Molly was reluctant to go. If the roads were passable for them, they were also passable for Fletcher. If he had tracked them to El Paso, it wouldn’t be difficult for him to learn they had left several weeks ago for the Wilkins ranch. Even now, he might be in Val Rosa, knowing it was the nearest town, and if they left, that would be where they would go.
Hank must have noted her concern. “If you’re worried about Fletcher,” he said as he stood at the kitchen table, loading rations into his saddlebags for the ride to Redemption, “you needn’t be. You’ll be safe.”
“I’m more worried about your ribs,” she said, which was partly true. But it was more than that, and more than worry over Fletcher. She’d known he was leaving for the mines that morning, and had wanted to see him before he left. She wasn’t sure why. She’d checked his arm the night before and had pronounced him well enough to travel—not that he would have remained home if she hadn’t. They’d said good-byes. He’d even given her another of those slow, teasing kisses that always left her feeling so disoriented and yearning for more. She had nothing more to say to him. Yet as soon as she awoke this morning, she had been driven to see him.
One more time.
Ridiculous, but there it was. She was becoming besotted with the man.
After buckling the strap on the bulging saddlebag, he hefted it over his right shoulder and turned to face her. He looked big and indomitable and utterly beautiful to her. Sunlight streaking through the kitchen window highlighted the strong angle of his jaw, the long corded tendons down his neck, the warm fire in those deep brown eyes. Just looking at him made her heart tremble.
“We’ve doubled the riders with your wagon,” he told her. “And Brady and I will be waiting for you when you get to Val Rosa. No need to worry.”

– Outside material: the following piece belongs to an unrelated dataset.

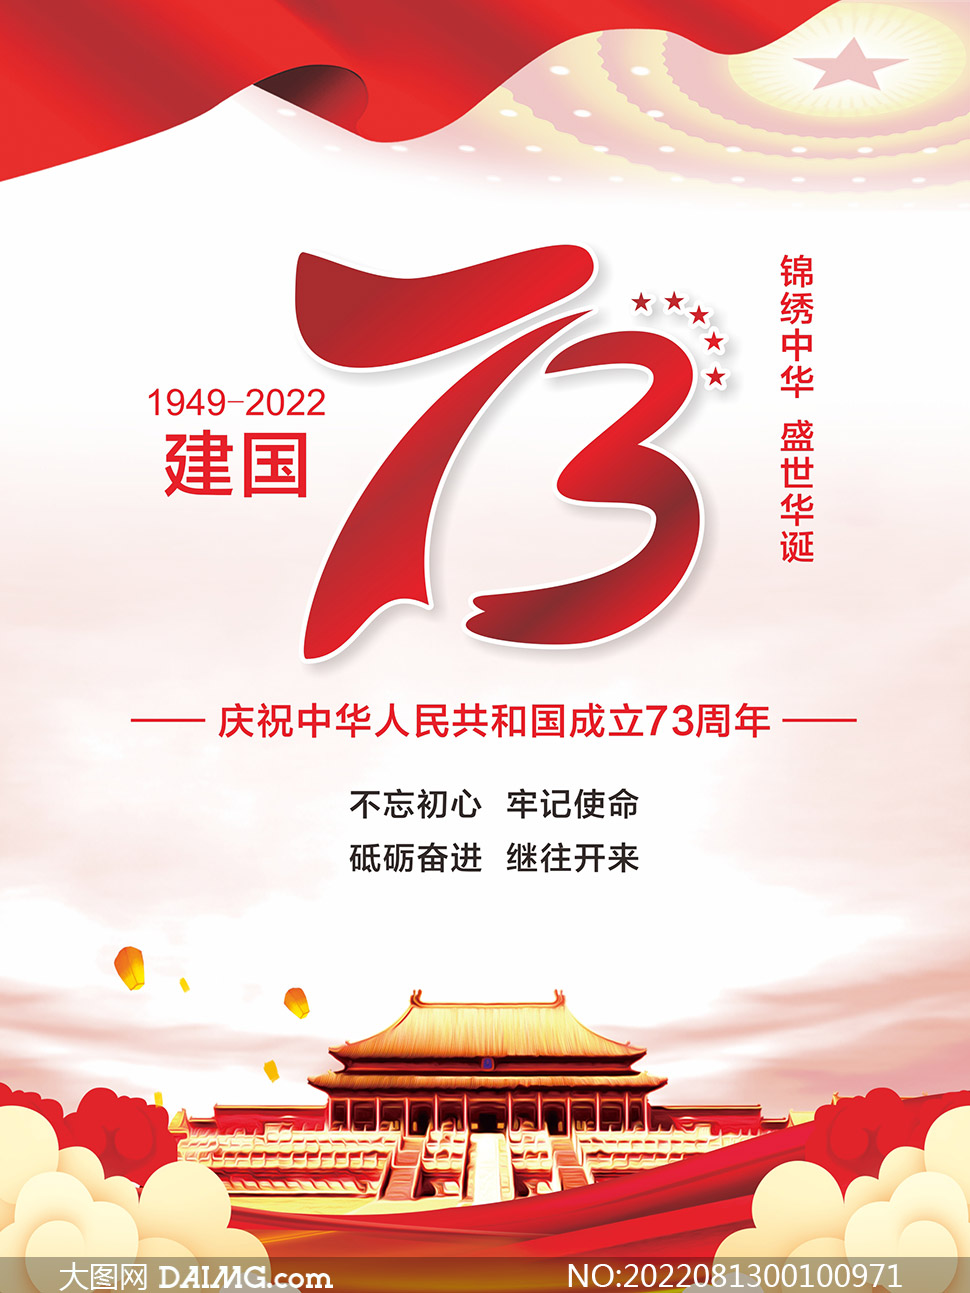 庆祝国庆节建国73周年海报设计矢量素材

“I know.” It wasn’t her safety or that of the children that concerned her. It was his. What if he slipped on the ice and fell on his arm? What if it started snowing again and they became lost or stranded miles from help?
“Promise me you’ll be careful,” she said.
He reached out to brush his fingertips across her cheek. “Sweet Molly. You worry too much.”
“You give me cause.”
“I try not to.”
A mere foot separated them but to Molly it felt like an immense distance. Despite the gentle kisses and whispered words, Hank had never taken her into his arms. He always kept a space between them, held a part of himself back.